I'm trying to get some excel data into SAS. The workbooks contain an unpredictable number of sheets, and I am using the xlsx engine to try to access them. I'm on 9.4 ts level 1m4 on x64eso8r2 platform.
My current data has 10 sheets in the workbook, 8 of them I can accesss without a problem, but 2 are an issue.
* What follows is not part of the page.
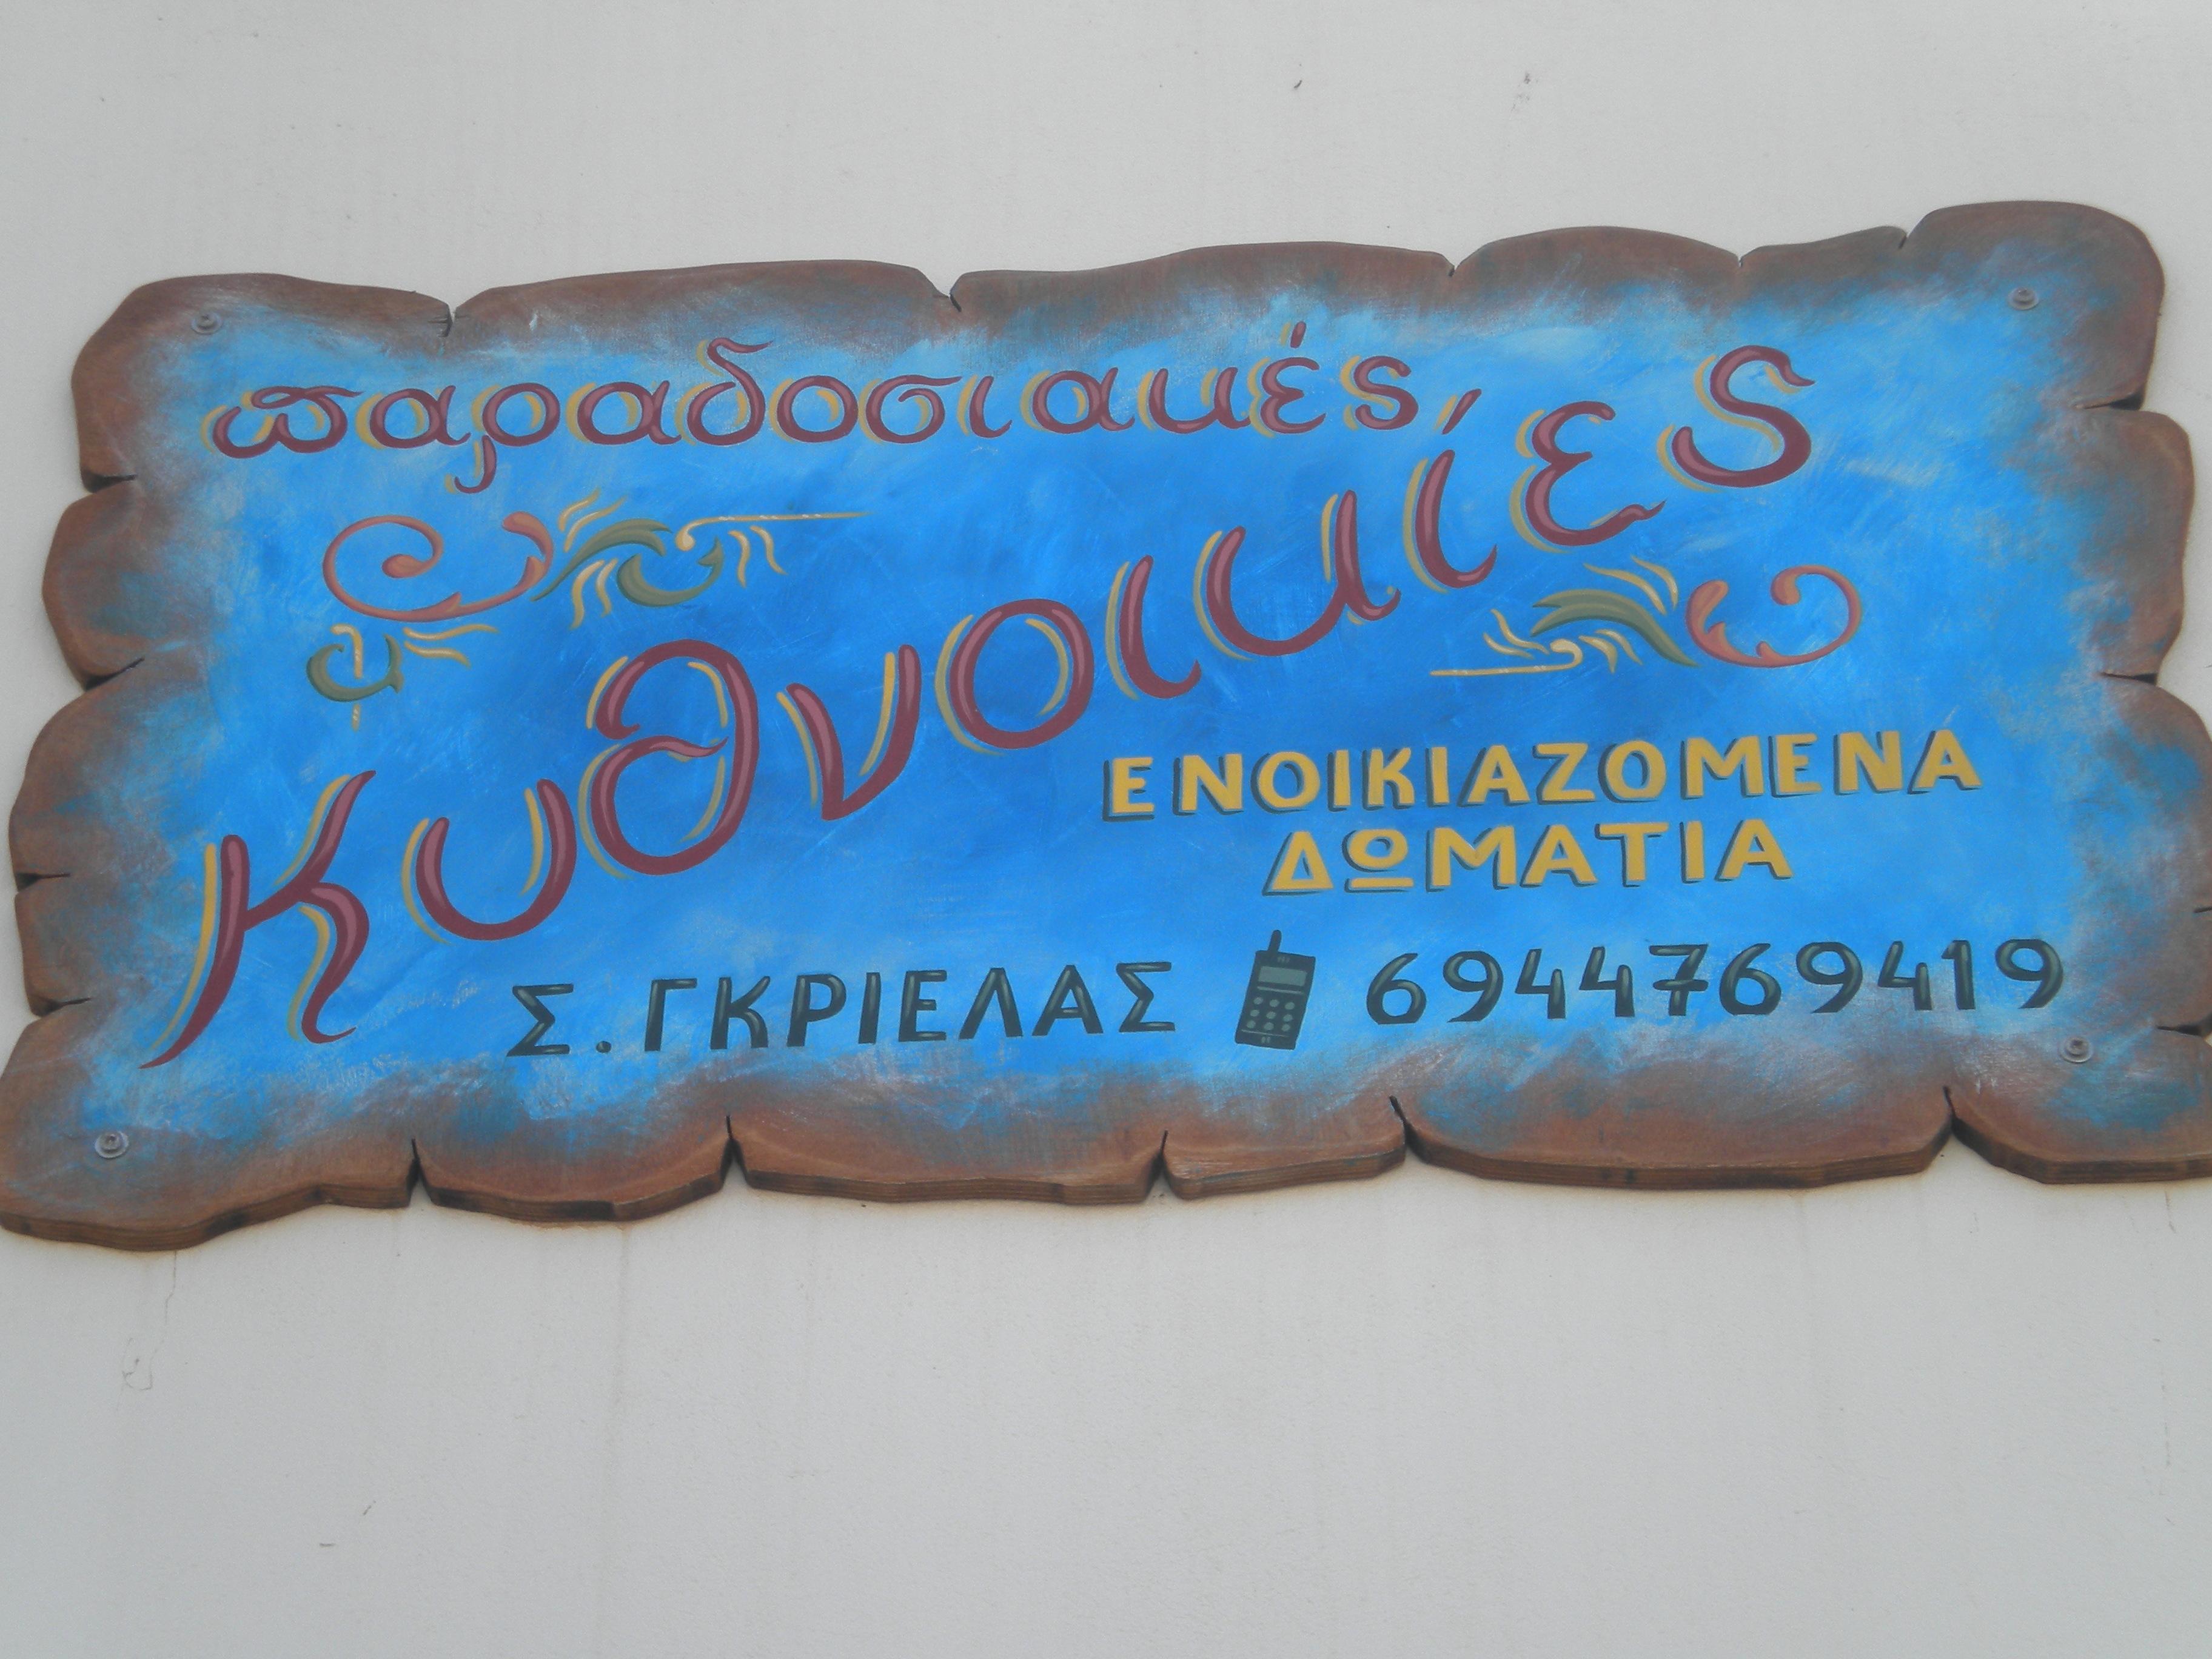 kythnoikies-eksoterikoi-xwroi-1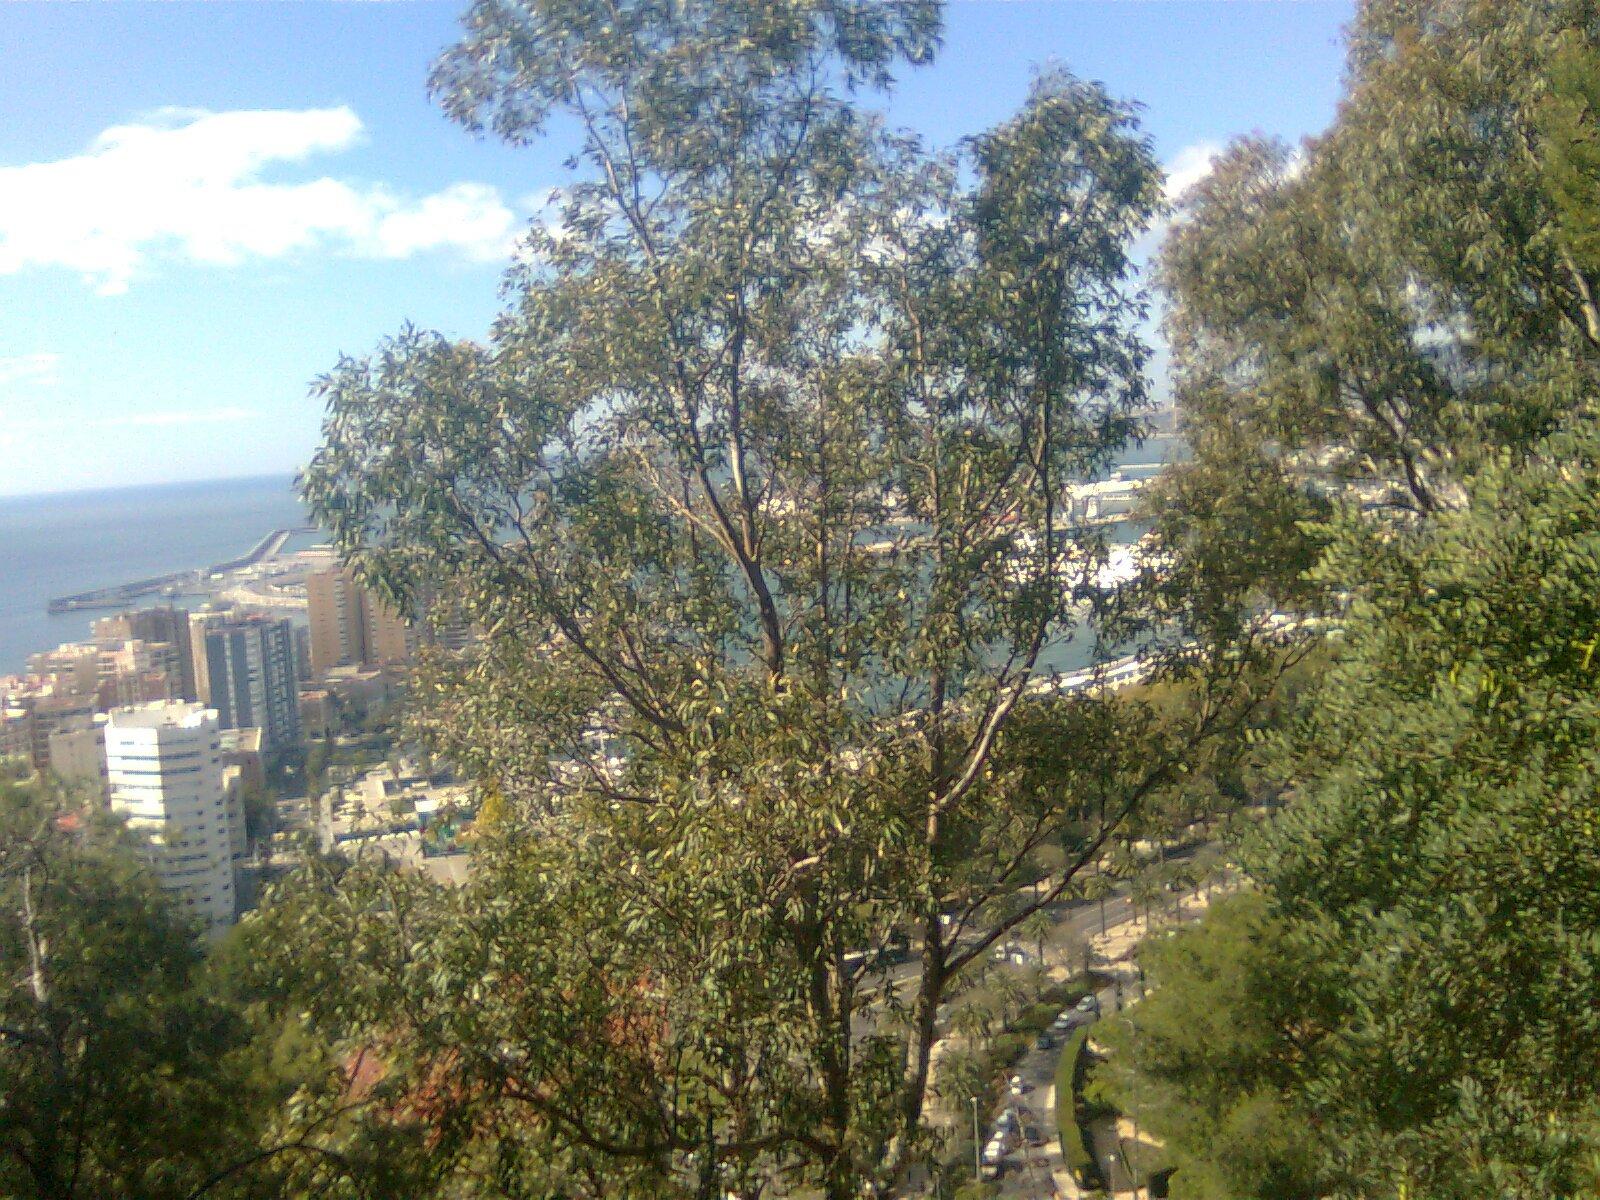 Malaga: Porto dalla vegetazione collina Gibralfaro

Here is the code I am running:
libname multi clear;
libname multi XLSX 'H:\GCTT\site_tracker\multitab\Japan MDC_Study Tracker_20190820-2.xlsx';
%macro dummy;
proc sql;
select count(distinct memname) into: ntables from sashelp.vtable where libname = 'MULTI';
%let ntables = %sysfunc(compress(&ntables.));
select distinct memname from sashelp.vtable where libname = 'MULTI';
select distinct memname into :table1-:table&ntables. from sashelp.vtable where libname = 'MULTI';
run; quit;
%do i =1 %to &ntables.;
data work.t&i;
set MULTI."&&table&i"n;
run;
%end;
%mend dummy;
%dummy;
the proc sql returns 10 members in the libname multi as expected:
8 data sets are created without issue, but for the sheets Defintions_Recruitment Status and E708-C086-108 I get a the following error in the log:
MLOGIC(DUMMY): %DO loop index variable I is now 7; loop will iterate again.
SYMBOLGEN: Macro variable I resolves to 7
MPRINT(DUMMY): data work.t7;
SYMBOLGEN: && resolves to &.
SYMBOLGEN: Macro variable I resolves to 7
SYMBOLGEN: Macro variable TABLE7 resolves to E7080-C086-108
MPRINT(DUMMY): set MULTI."E7080-C086-108"n;
ERROR: Couldn't find range or sheet in spreadsheet
ERROR: File MULTI.'E7080-C086-108'n.DATA does not exist.
MPRINT(DUMMY): run;
NOTE: The SAS System stopped processing this step because of errors.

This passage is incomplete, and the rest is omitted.